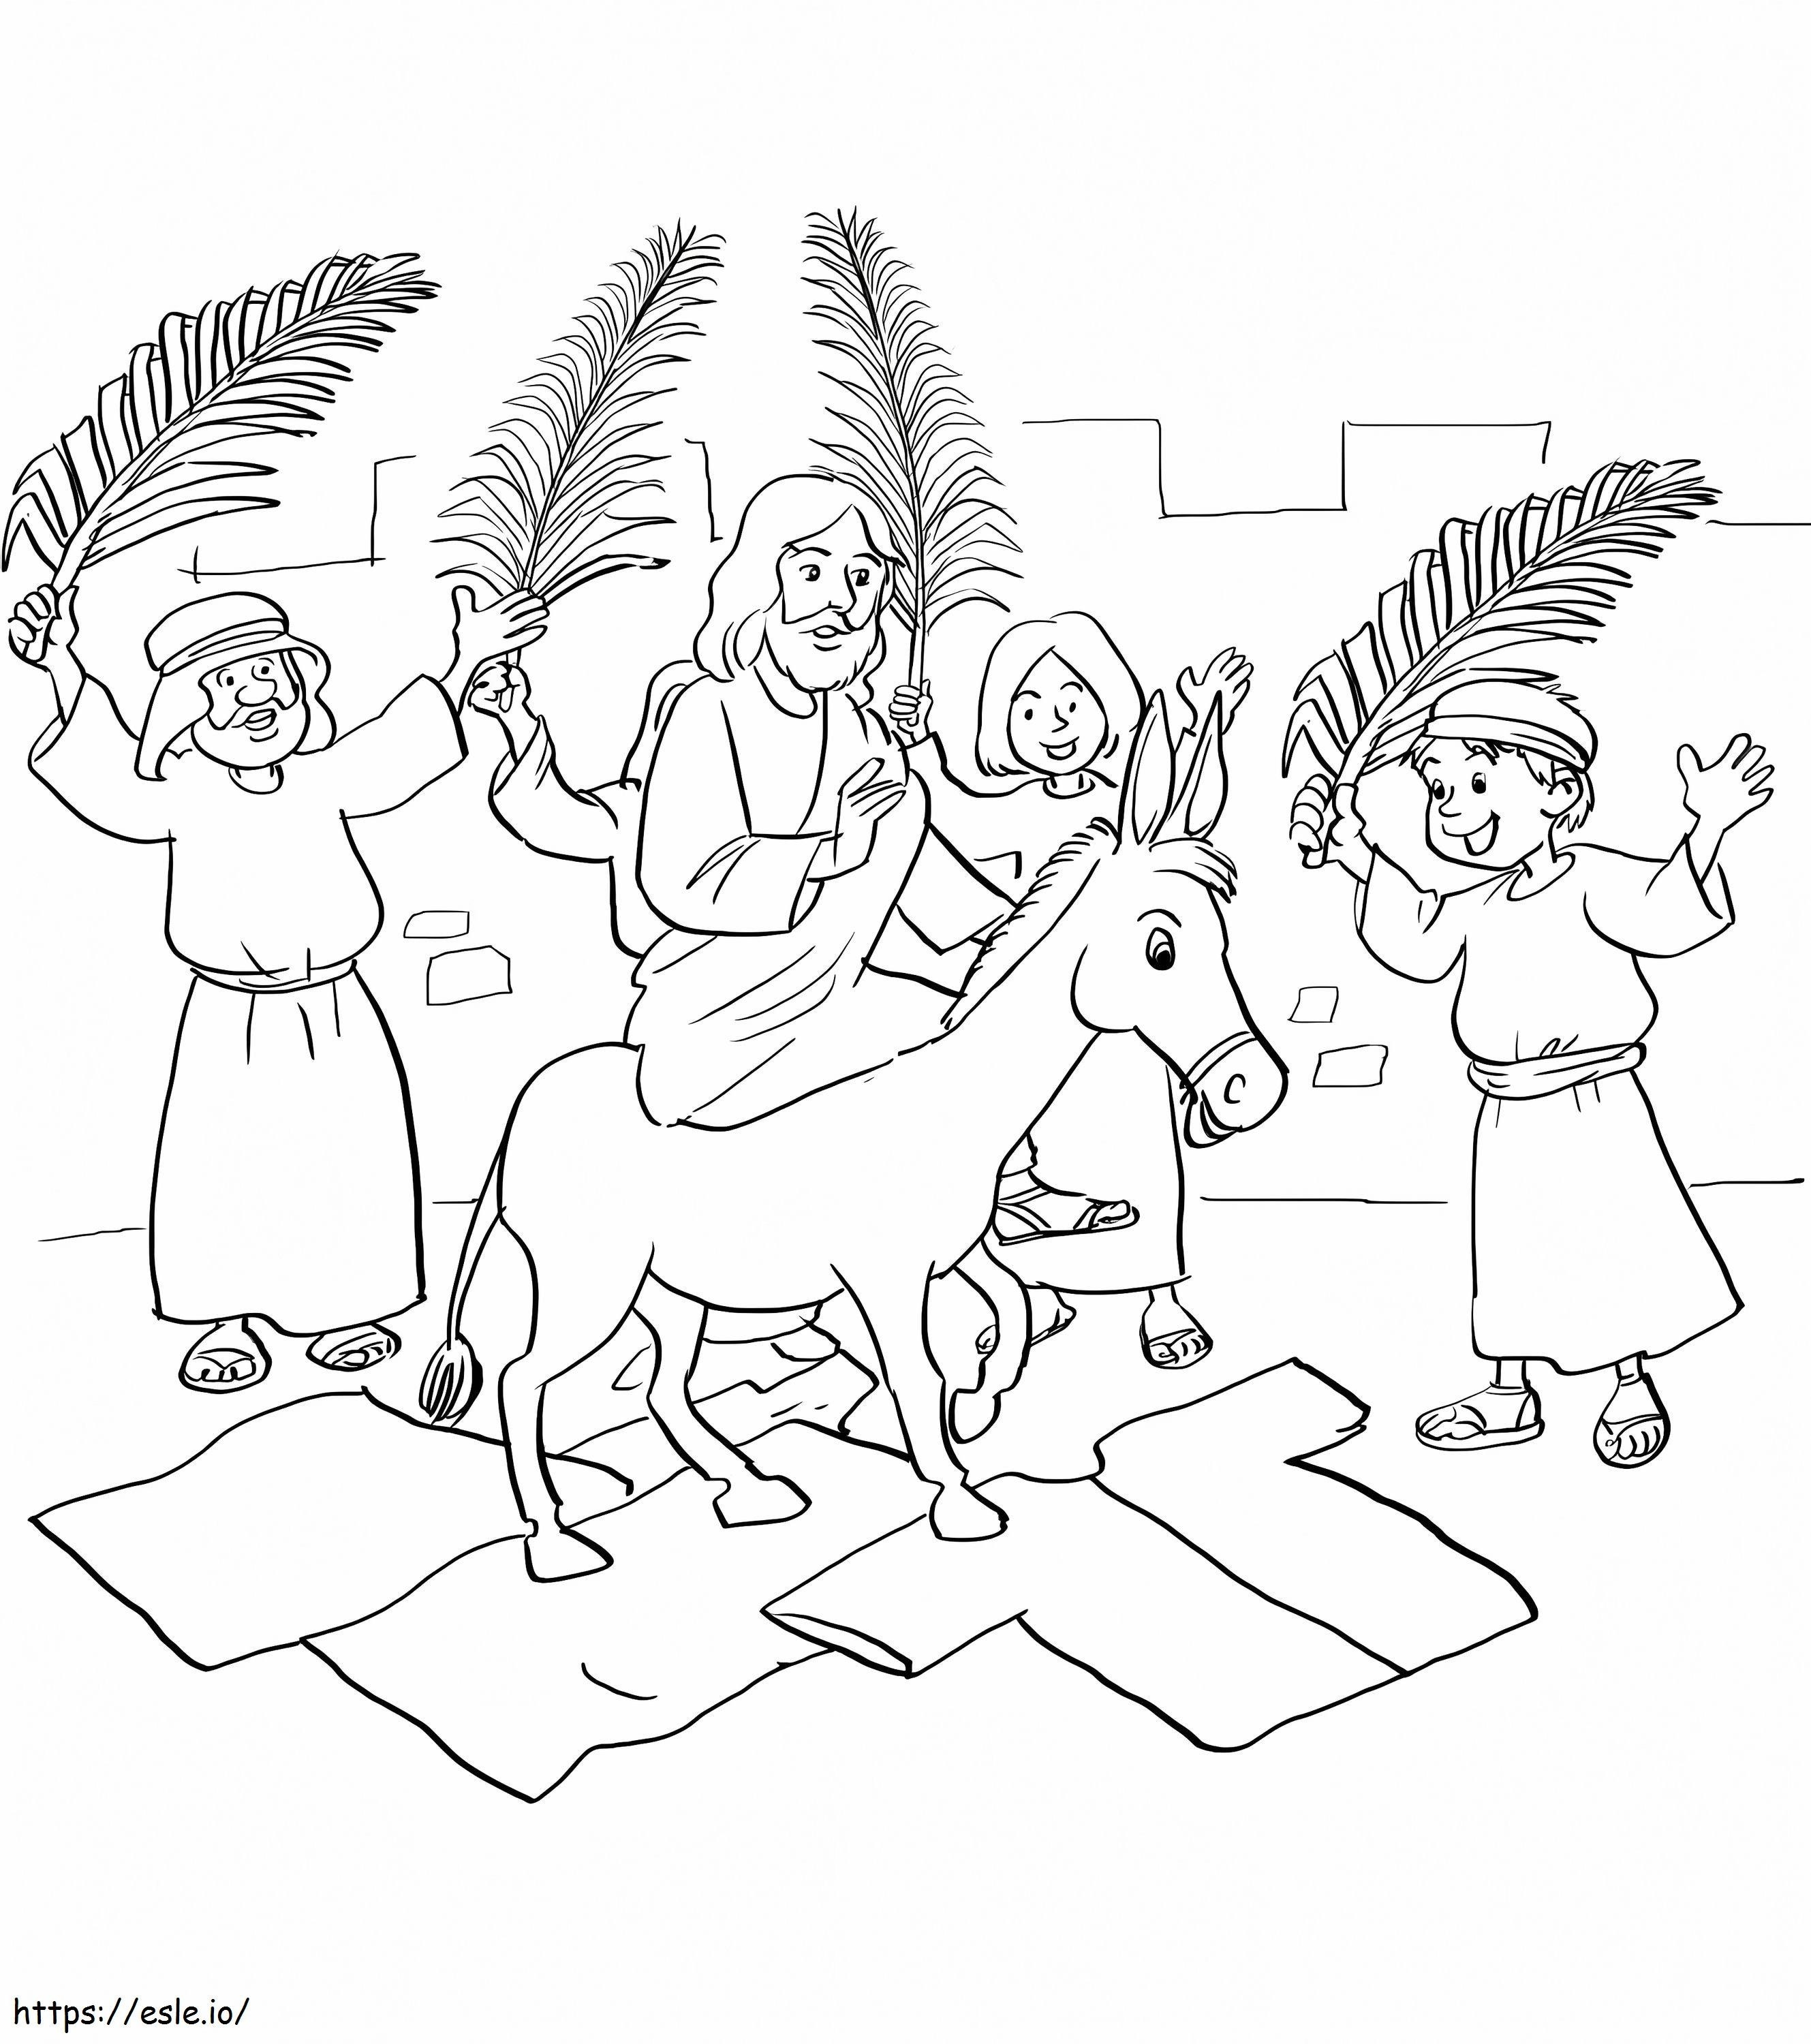 Palm Sunday 3 coloring page
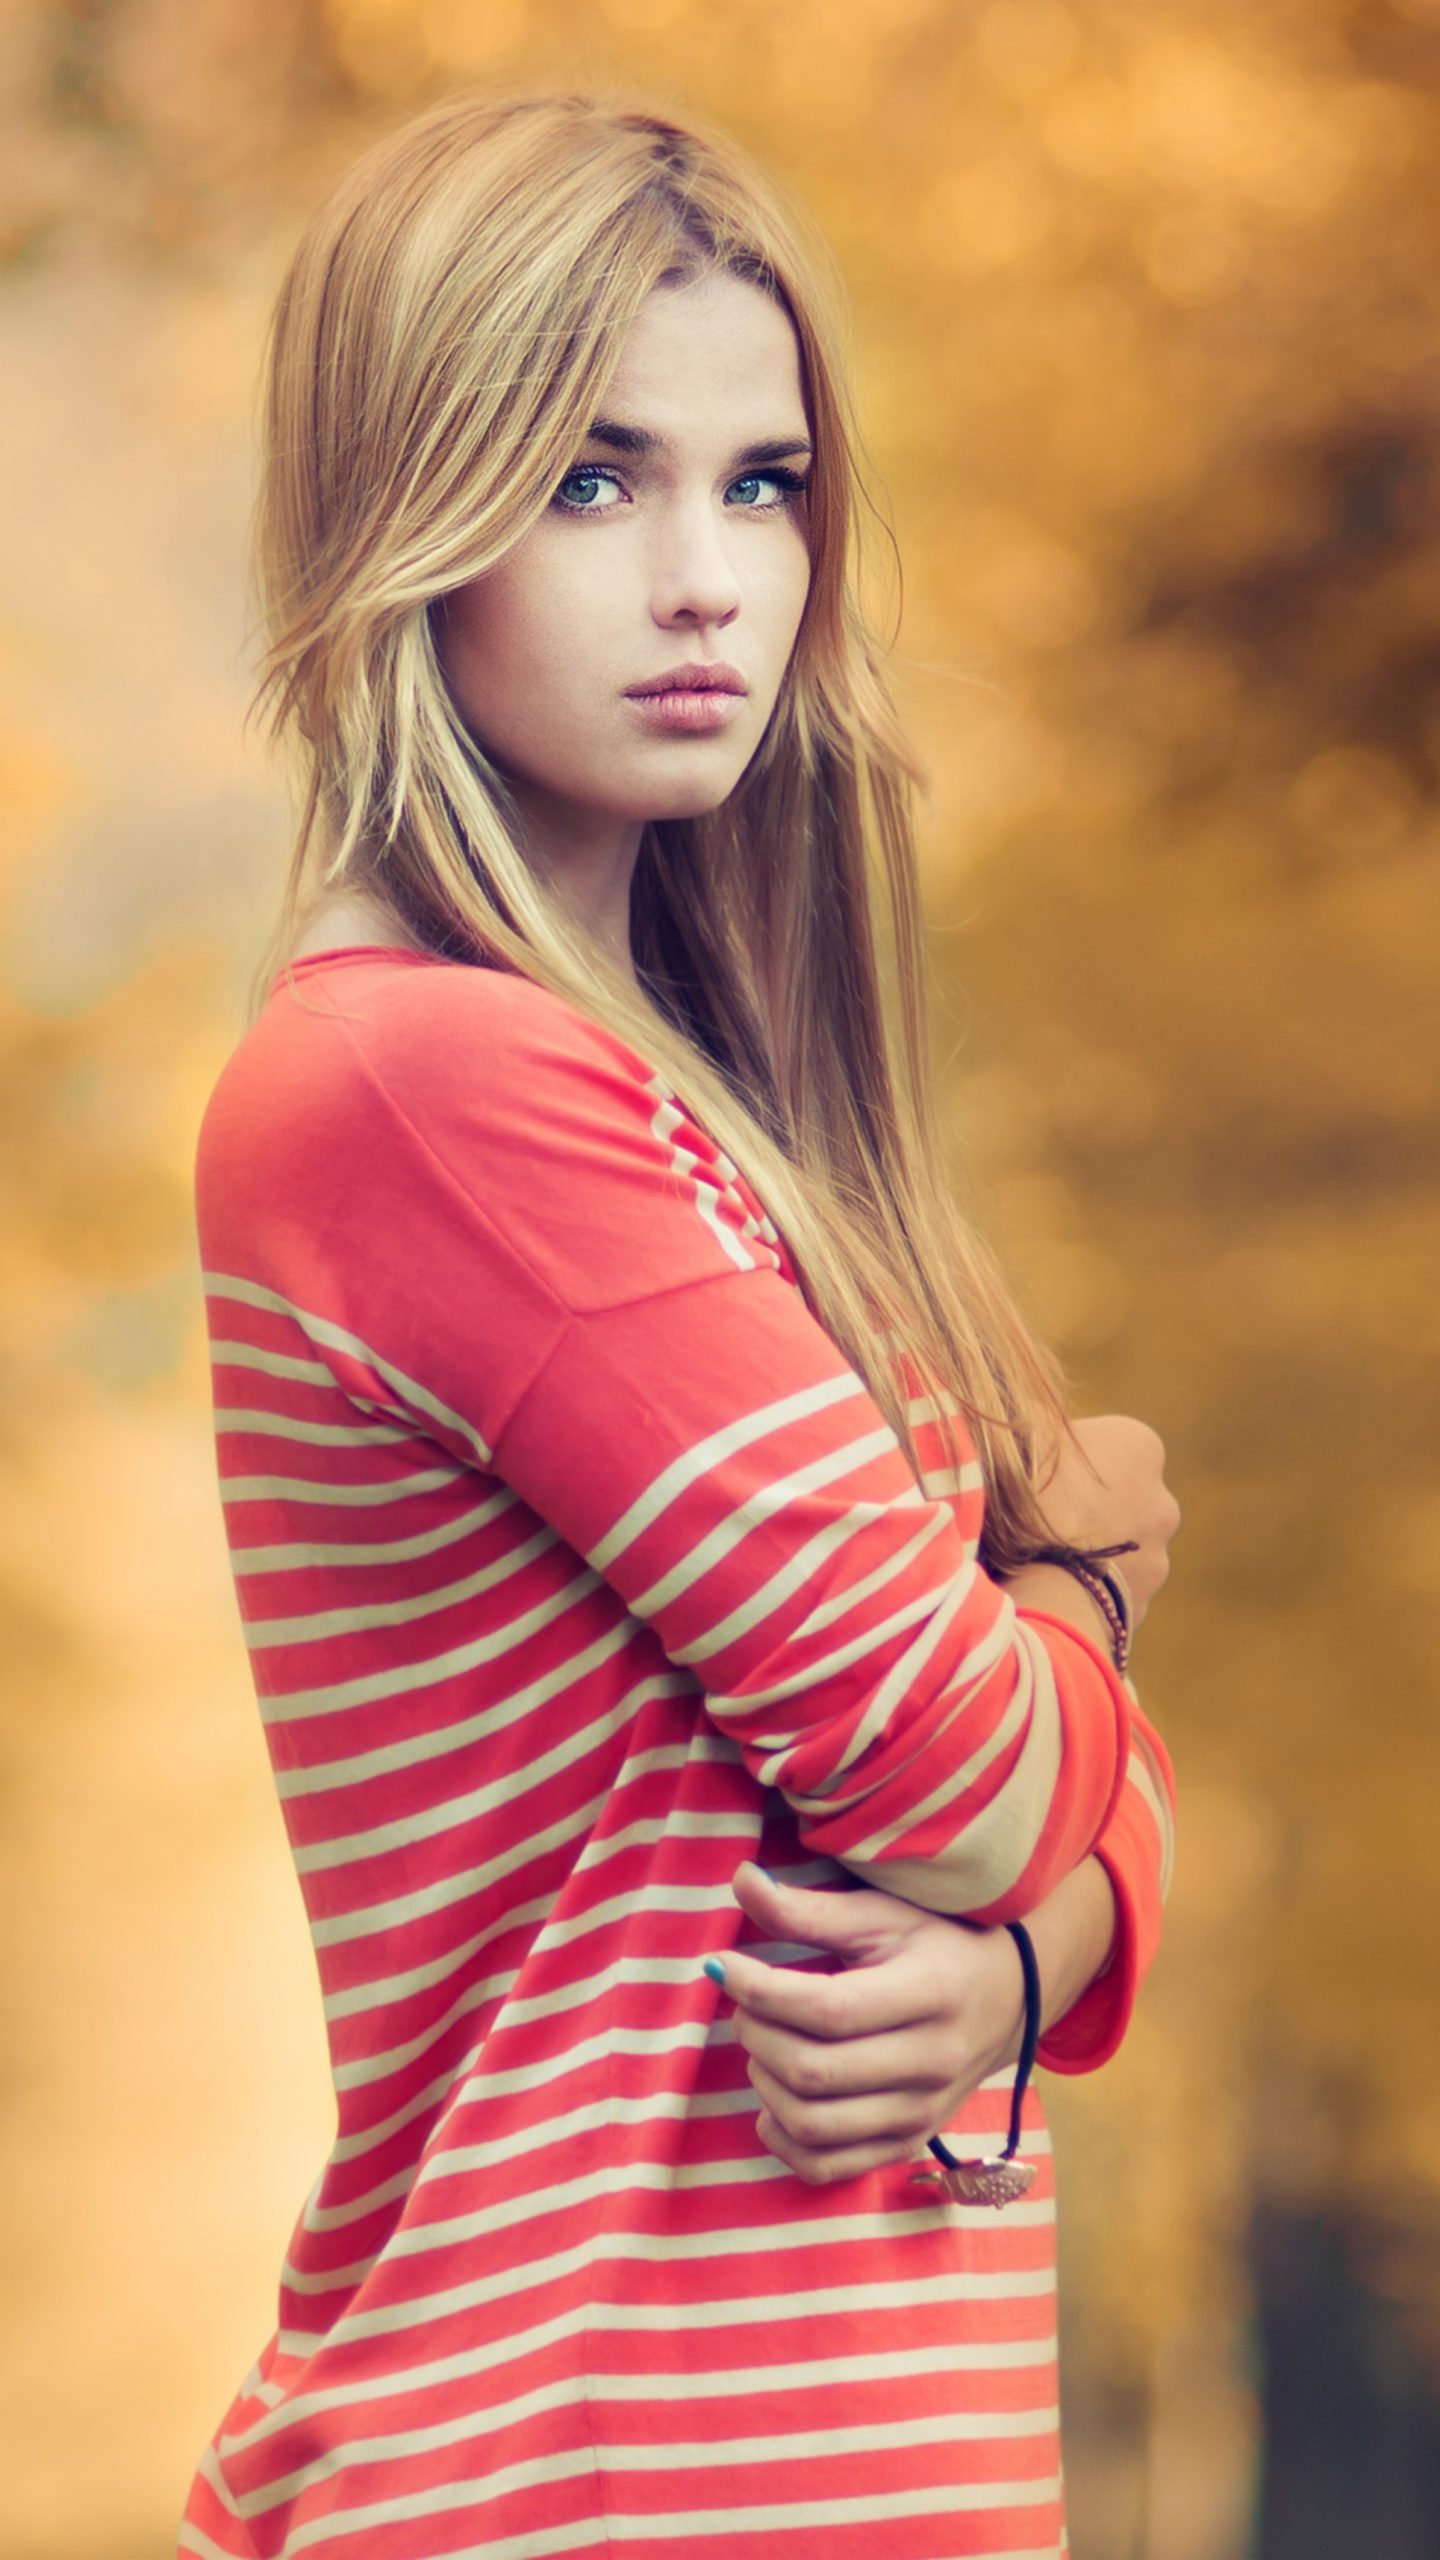 beautiful girl hd wallpapers for mobile,hair,blond,beauty,hairstyle,lip
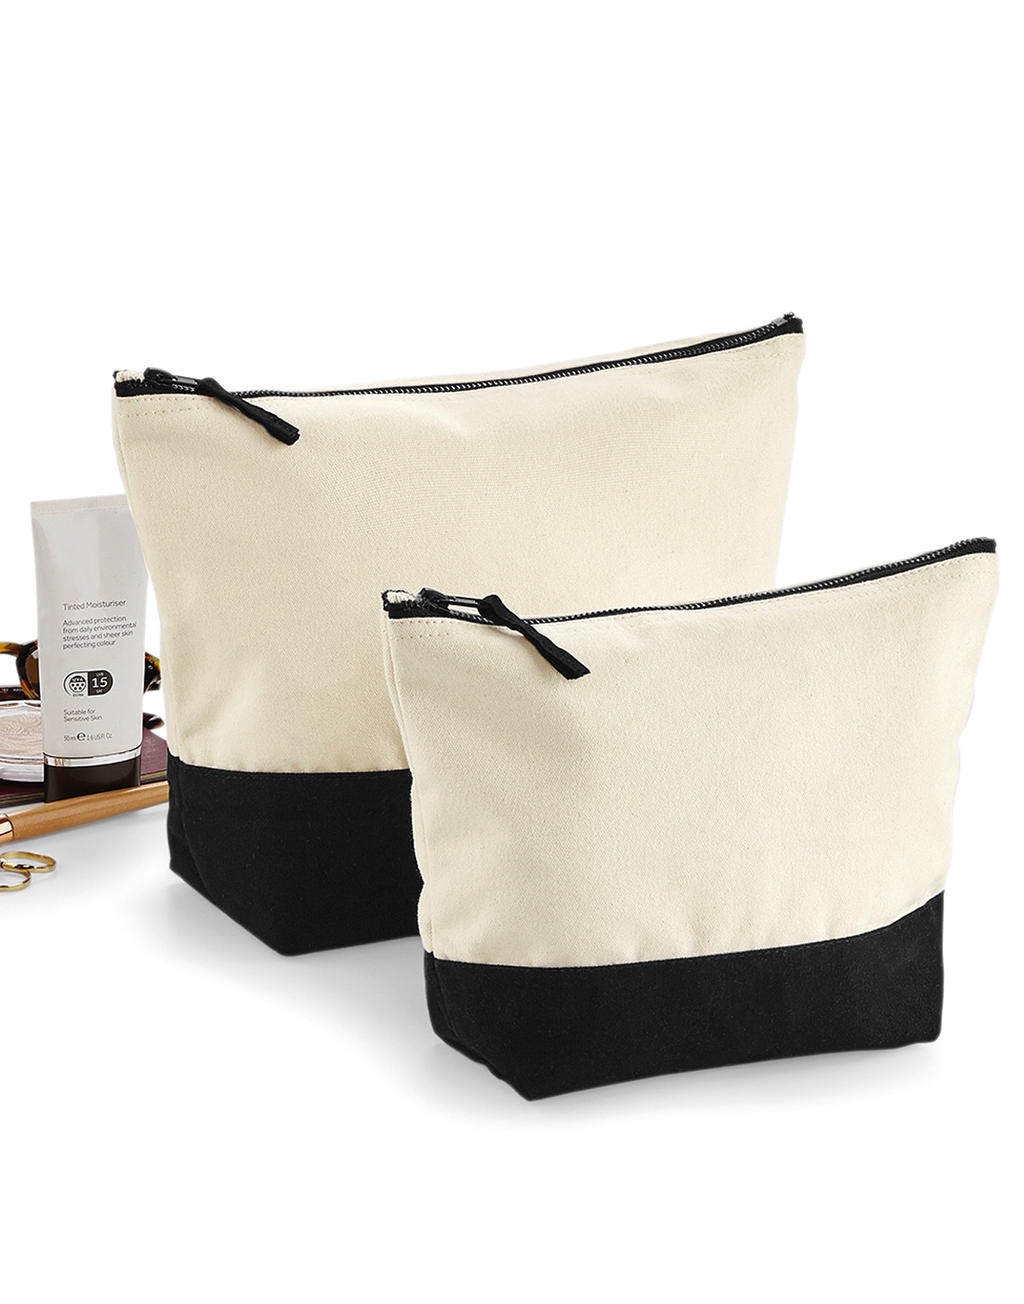  Dipped Base Canvas Accessory Bag in Farbe Natural/Black

» **EXERCISE DIRECTIONS**
From the first line to the last, write out the data exactly, dropping any pictures.

» **ANSWER TO THE PROBLEM**
 Palm Sunday 3 coloring page
 beautiful girl hd wallpapers for mobile,hair,blond,beauty,hairstyle,lip
  Dipped Base Canvas Accessory Bag in Farbe Natural/Black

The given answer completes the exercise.